Press Release

The Bank of Canada tipping away from rate rise

The Bank of Canada is re-evaluating its efforts to reign in inflation in light of the upheaval in the global financial markets, Deputy Governor Pierre Duguay said Monday evening.

As a result, the central bank is less likely to raise its trendsetting interest rate next week than it had indicated a month ago when it said that inflationary pressure in the economy was its main pre-occupation. In a speech Monday, Mr. Duguay raised concerns that the crisis in the sub-prime mortgage market has flowed through to the broader economy and could reduce growth in Canada.

In July, the Bank of Canada raised its interest rate by a quarter a percentage point to 4.5 per cent - the first increase in over a year - and indicated that further hikes may be required to bring inflation back down to its 2 per cent target. "But given recent events in global credit markets, we need to assess the extent to which the risks around our July projection have shifted," Mr. Duguay told the Canadian Association of Business Economists.

He said the central bank is concerned about two issues: how developments in the U.S. economy, where the Federal Reserve has already forecast a slowdown, would affect Canada and the extent to which Canadian companies and consumers are facing a credit crunch as a result of the re-pricing of credit risks by financial institutions.

The Bank of Canada is due to make its next pronouncement on interest rates next Wednesday, and bond markets have indicated that traders do not expect an increase.

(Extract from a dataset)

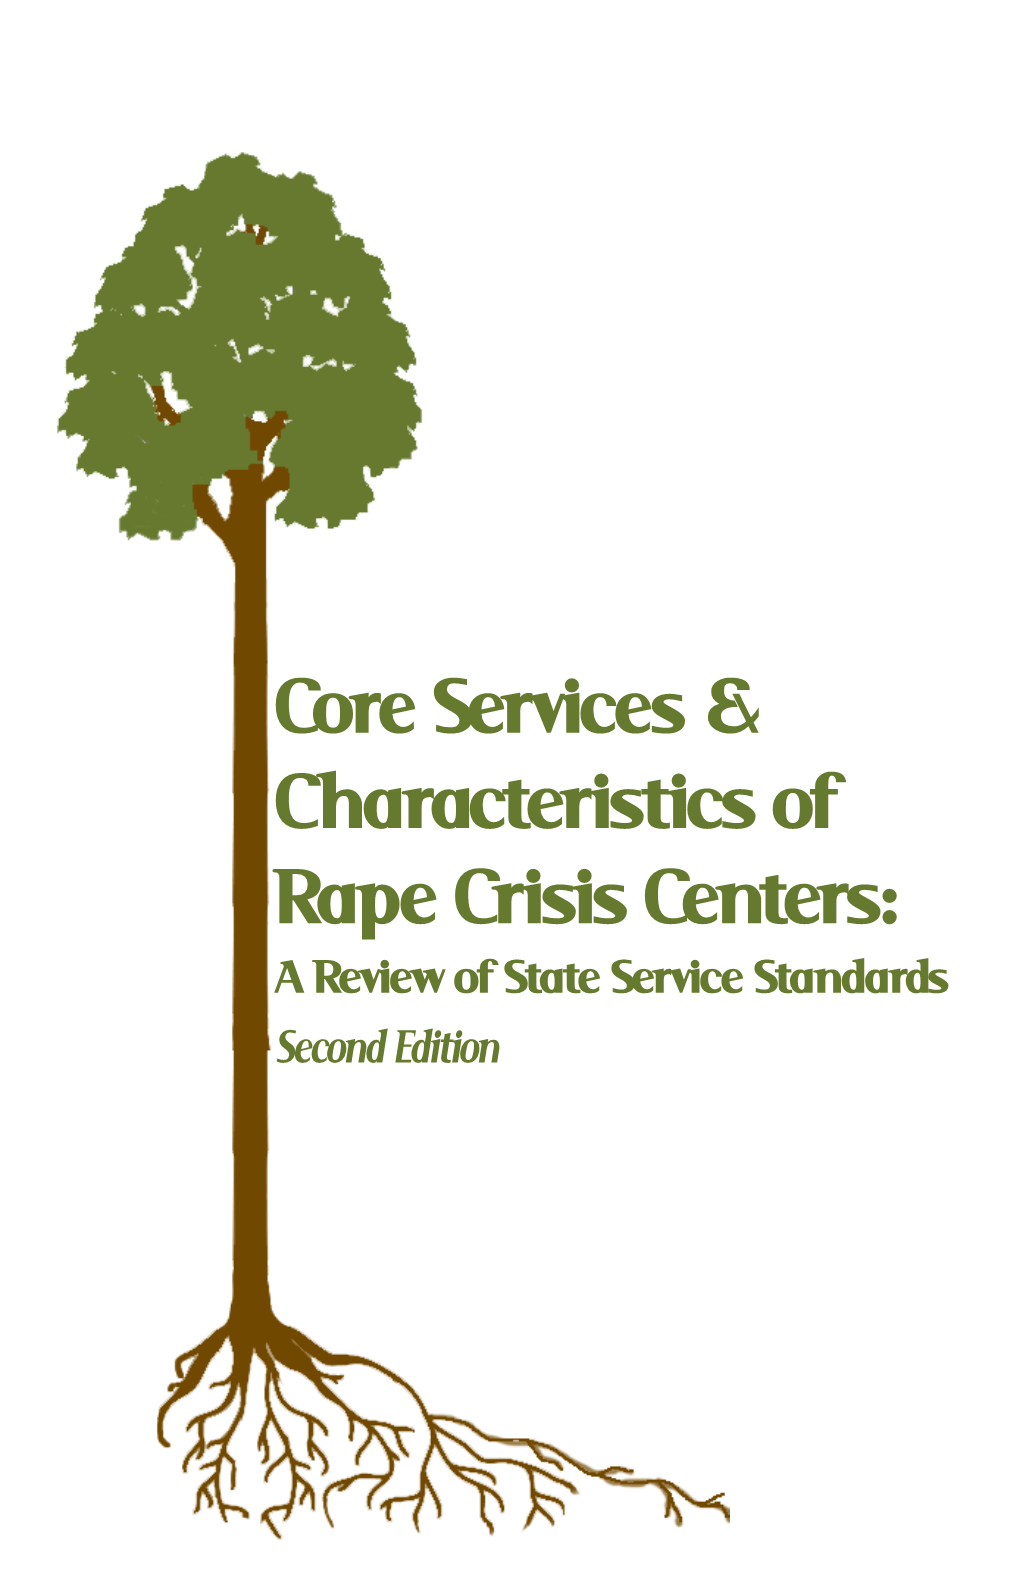 Core Services & Characteristics of Rape Crisis Centers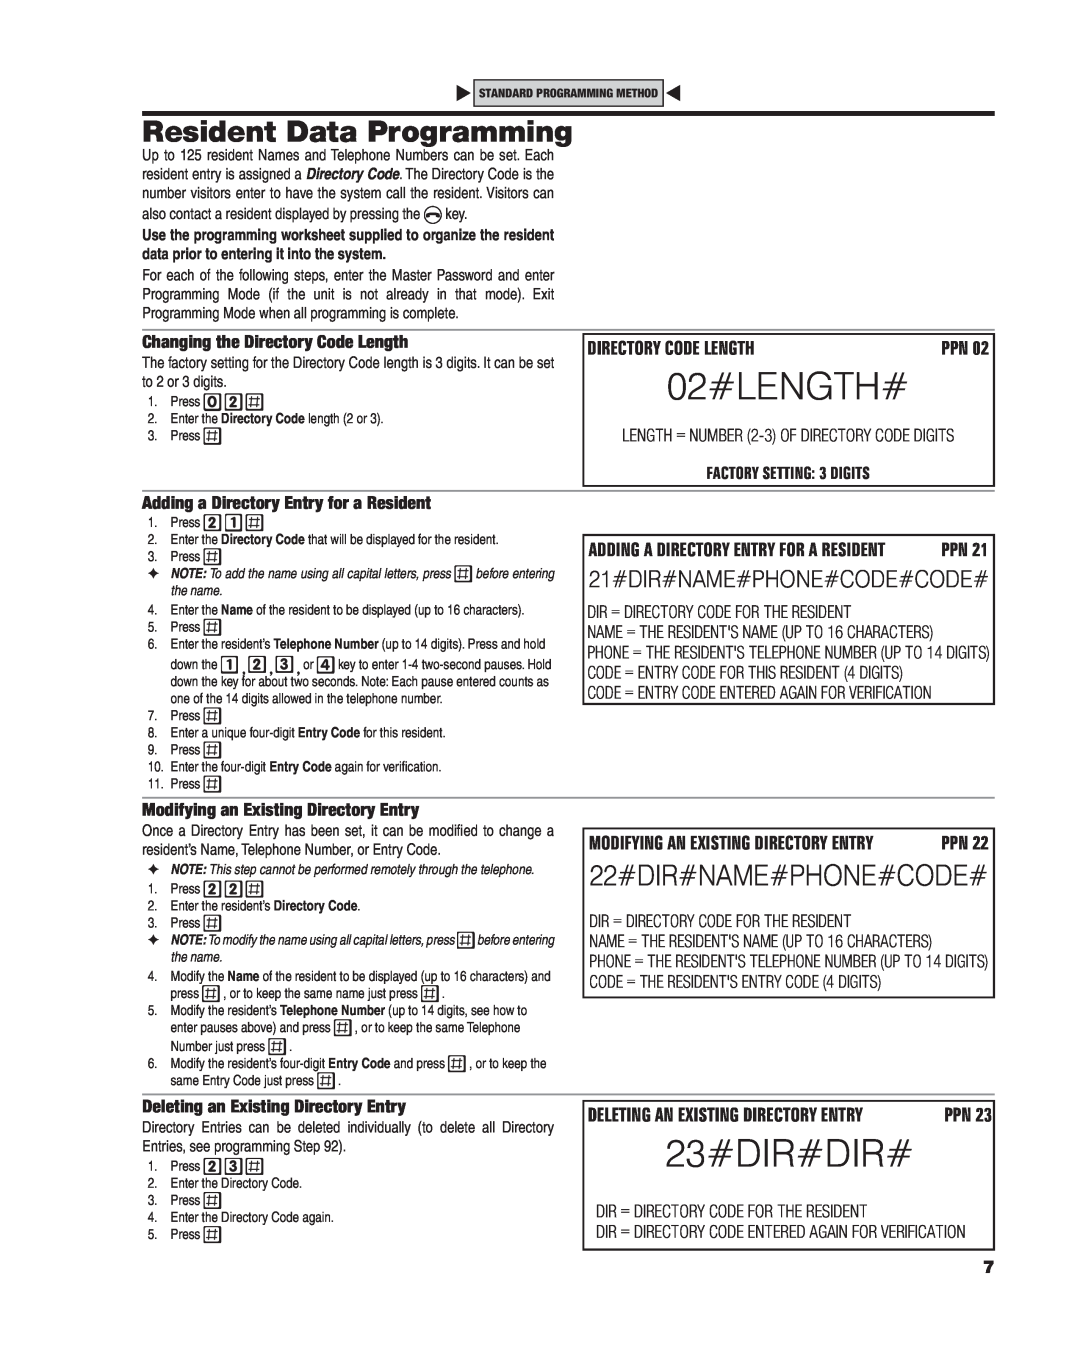 Linear AE-100 manual 02#LENGTH#, 23#DIR#DIR#, Resident Data Programming, Changing the Directory Code Length

While the Canadian central bank intervened in credit markets earlier this summer to provide liquidity to lenders, it has yet to move on interest rates.

In the United States, the Federal Reserve cut its discount rate by a half a percentage point on Aug. 17, in an effort to ease a growing credit crunch. At that time, the fed said the turmoil in financial markets had reduced lending and increase uncertainty, and had the potential to reduce growth overall.

Mr. Duguay said the Canadian economy has remained strong, as yet showing little impact of the tighter credit conditions or the increasing gloom south of the border. The economic indicators, so far, are in line with the Bank's expectations in July, when it suggested further interest rate hikes may be required.

"Domestic demand in Canada has remained robust, against the backdrop of strong labour and housing markets," he said. Mr. Duguay did not provide any update of the bank's July forecast for economic growth or inflation, saying that will be provided next week.

Last month, the bank said it expected average annual growth of about 2.5 per cent through 2009, but several private-sector economists have cut their growth forecasts as a result of the turmoil in credit markets.

But the bank expected the report on economic growth in the second quarter would show a solid 2.8-per-cent gain which would add to inflationary pressures. That growth figure will be released on Friday. It also noted that core inflation was running above its 2-per-cent target, and would continue to do so until early 2009. The July inflation figures confirmed that trend, at least in the short term.

Mr. Duguay said the central bank has not changed its determination to fight inflation, but is questioning how much action may be needed, given the worsening conditions in credit markets. He noted that both the Bank of Canada and the country's chartered banks have acted to reduce the impact of the credit crunch in money markets. The central bank undertook open market activities to improve liquidity earlier this month, while the private sector banks have confirmed they are supporting their own asset-backed commercial paper markets.